Given information
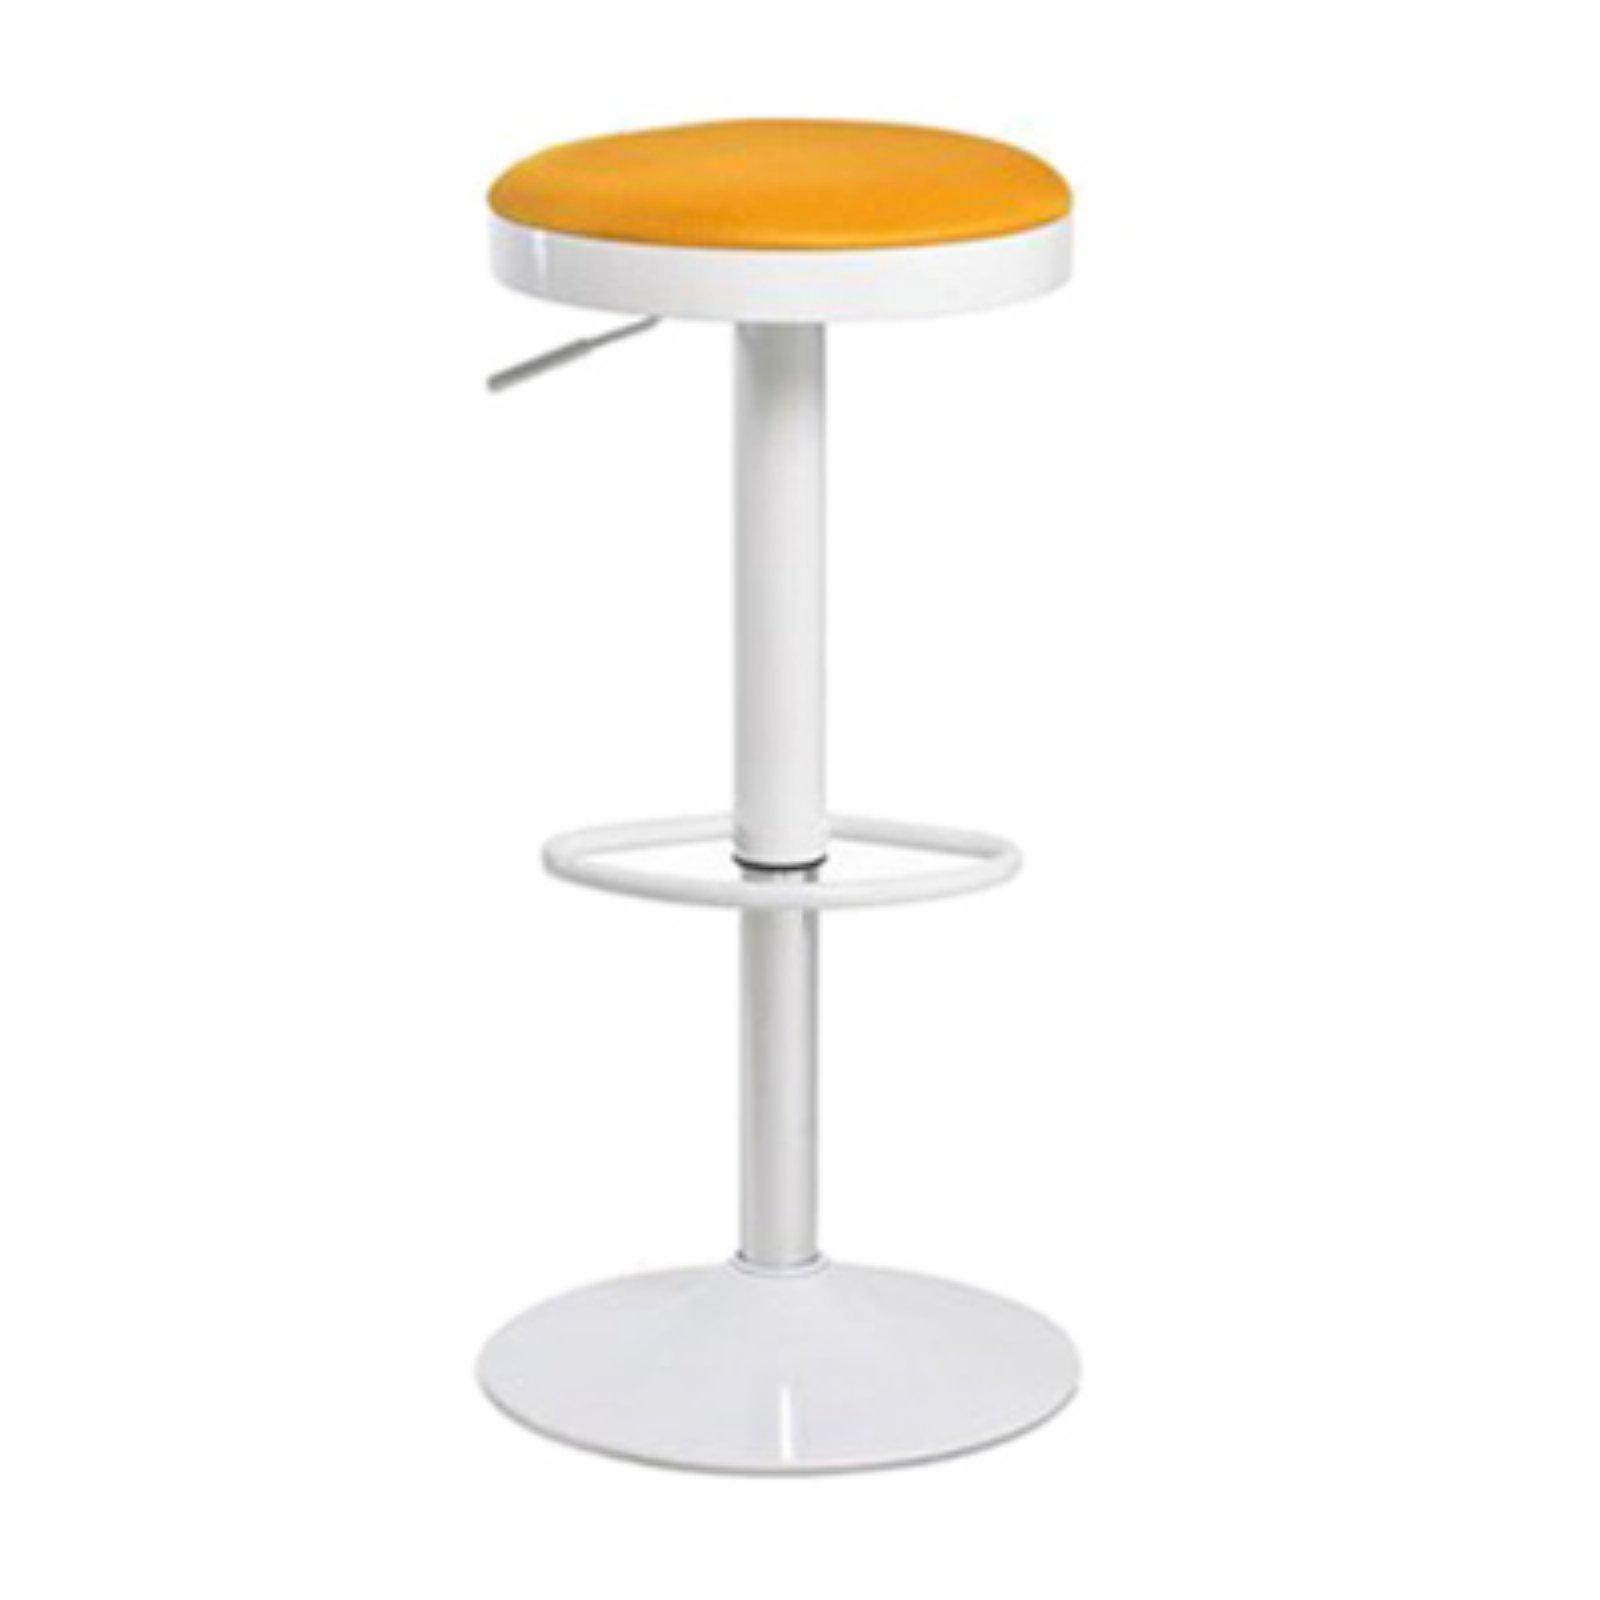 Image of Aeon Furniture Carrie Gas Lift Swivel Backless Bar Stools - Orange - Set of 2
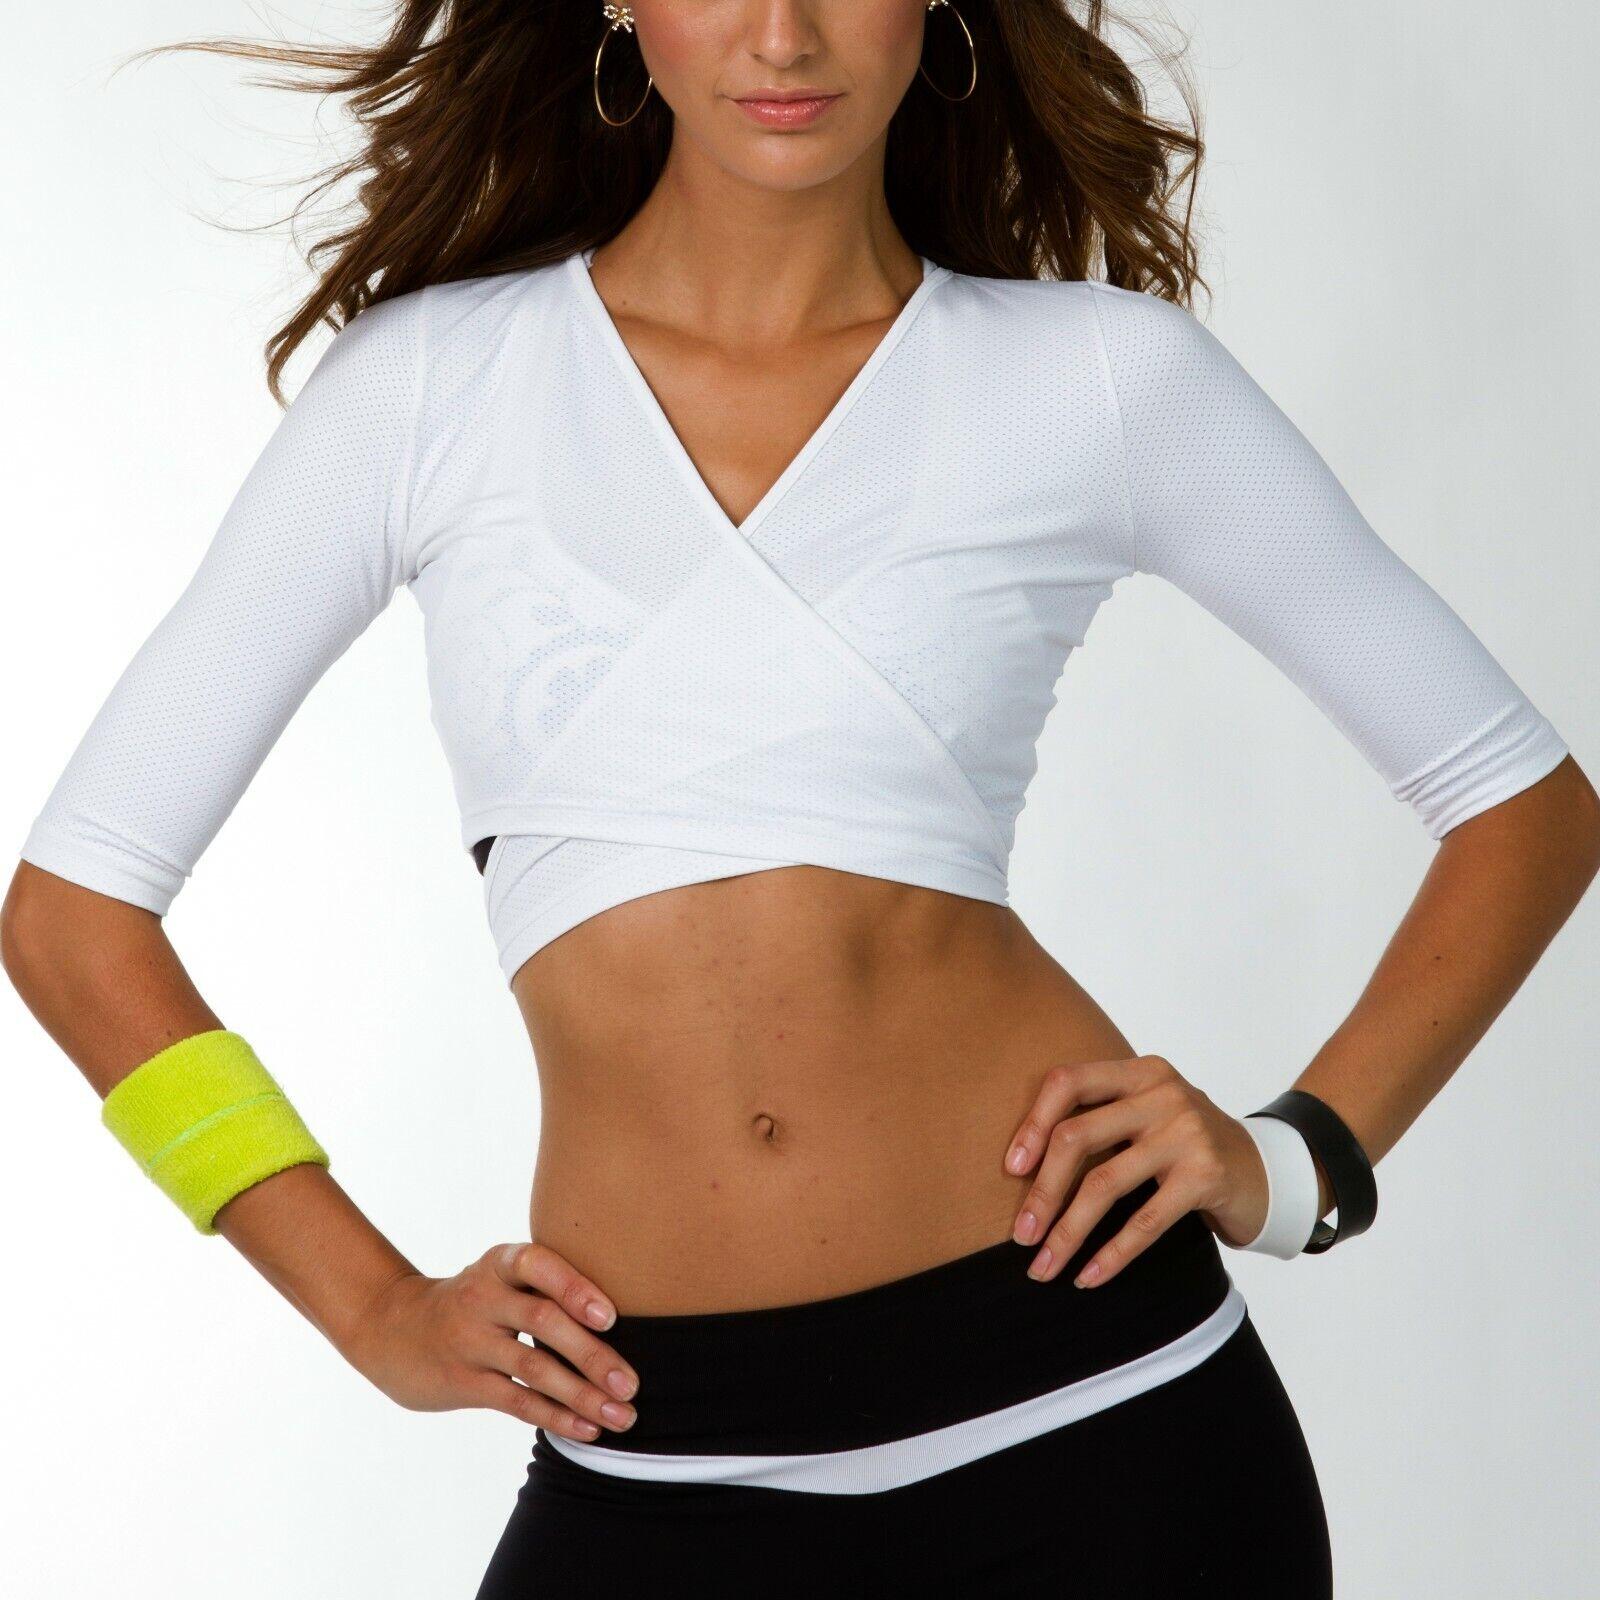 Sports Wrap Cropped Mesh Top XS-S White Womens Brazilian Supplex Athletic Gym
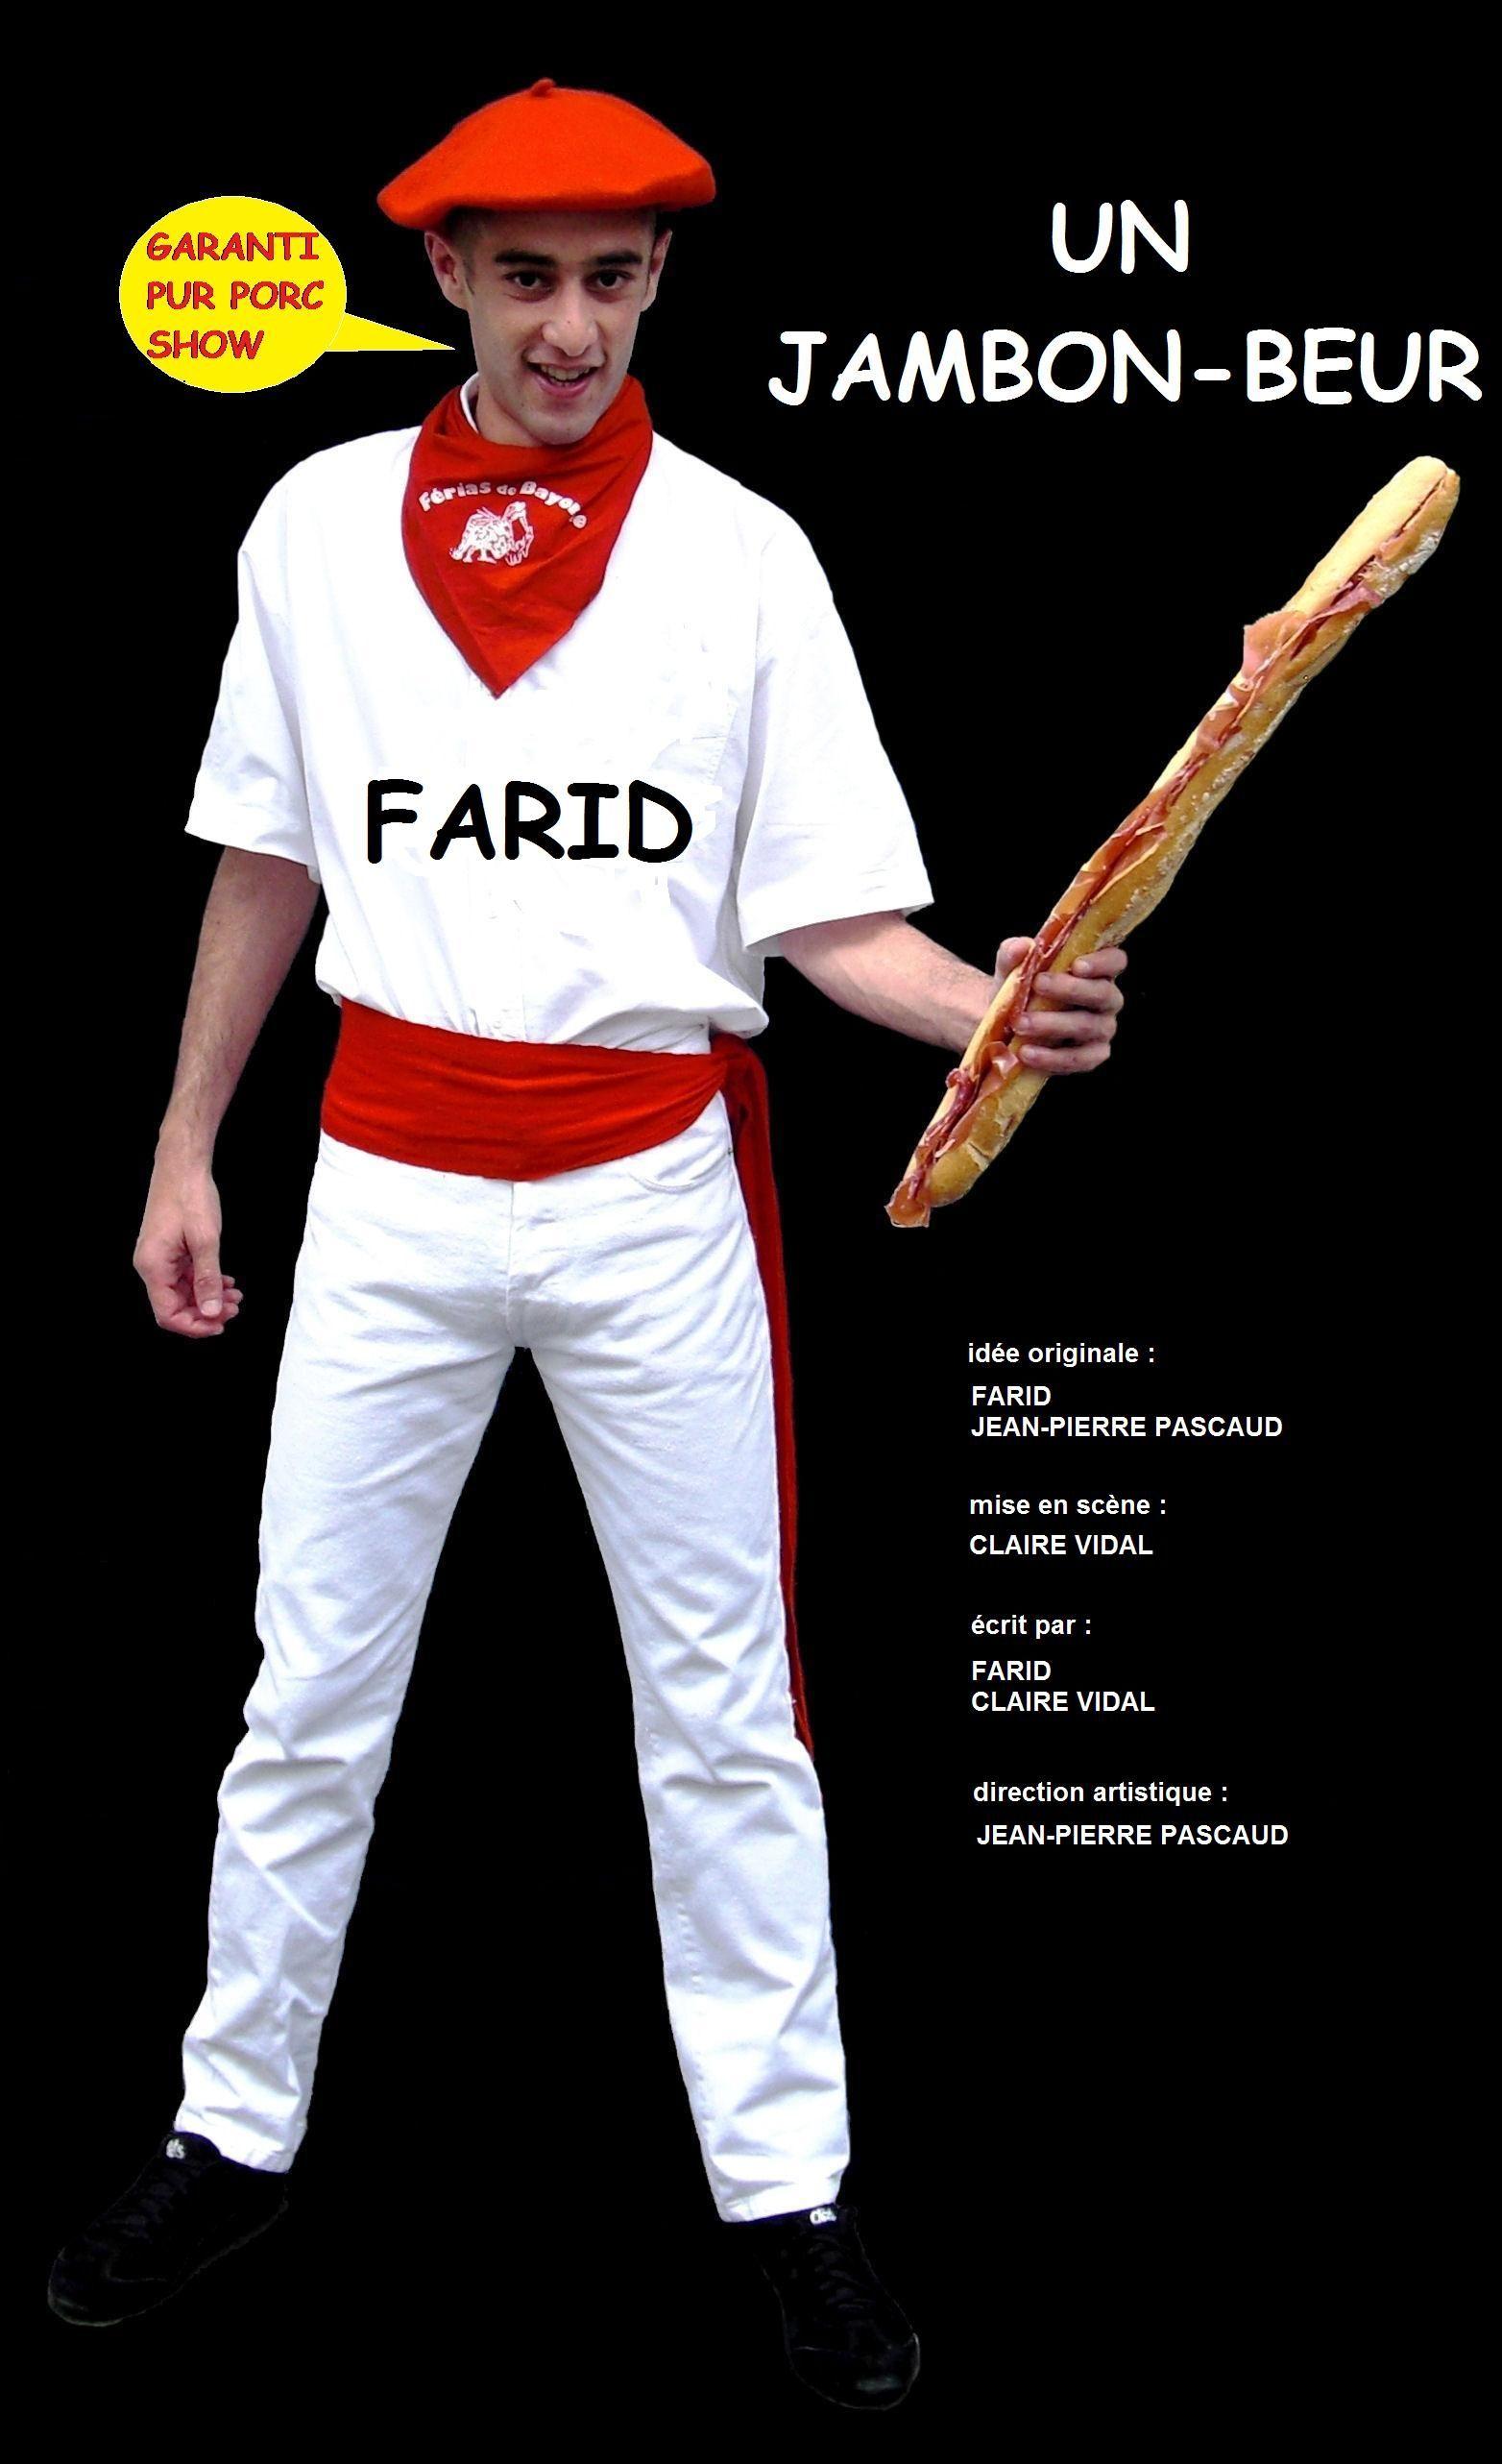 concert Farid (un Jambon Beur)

Activity
Nothing but the lines from the line containing "Sports Wrap Cropped" through the end of the data, both ends included, is to be reproduced, exactly as written and without the pictures.

Answer box
 Sports Wrap Cropped Mesh Top XS-S White Womens Brazilian Supplex Athletic Gym
 concert Farid (un Jambon Beur)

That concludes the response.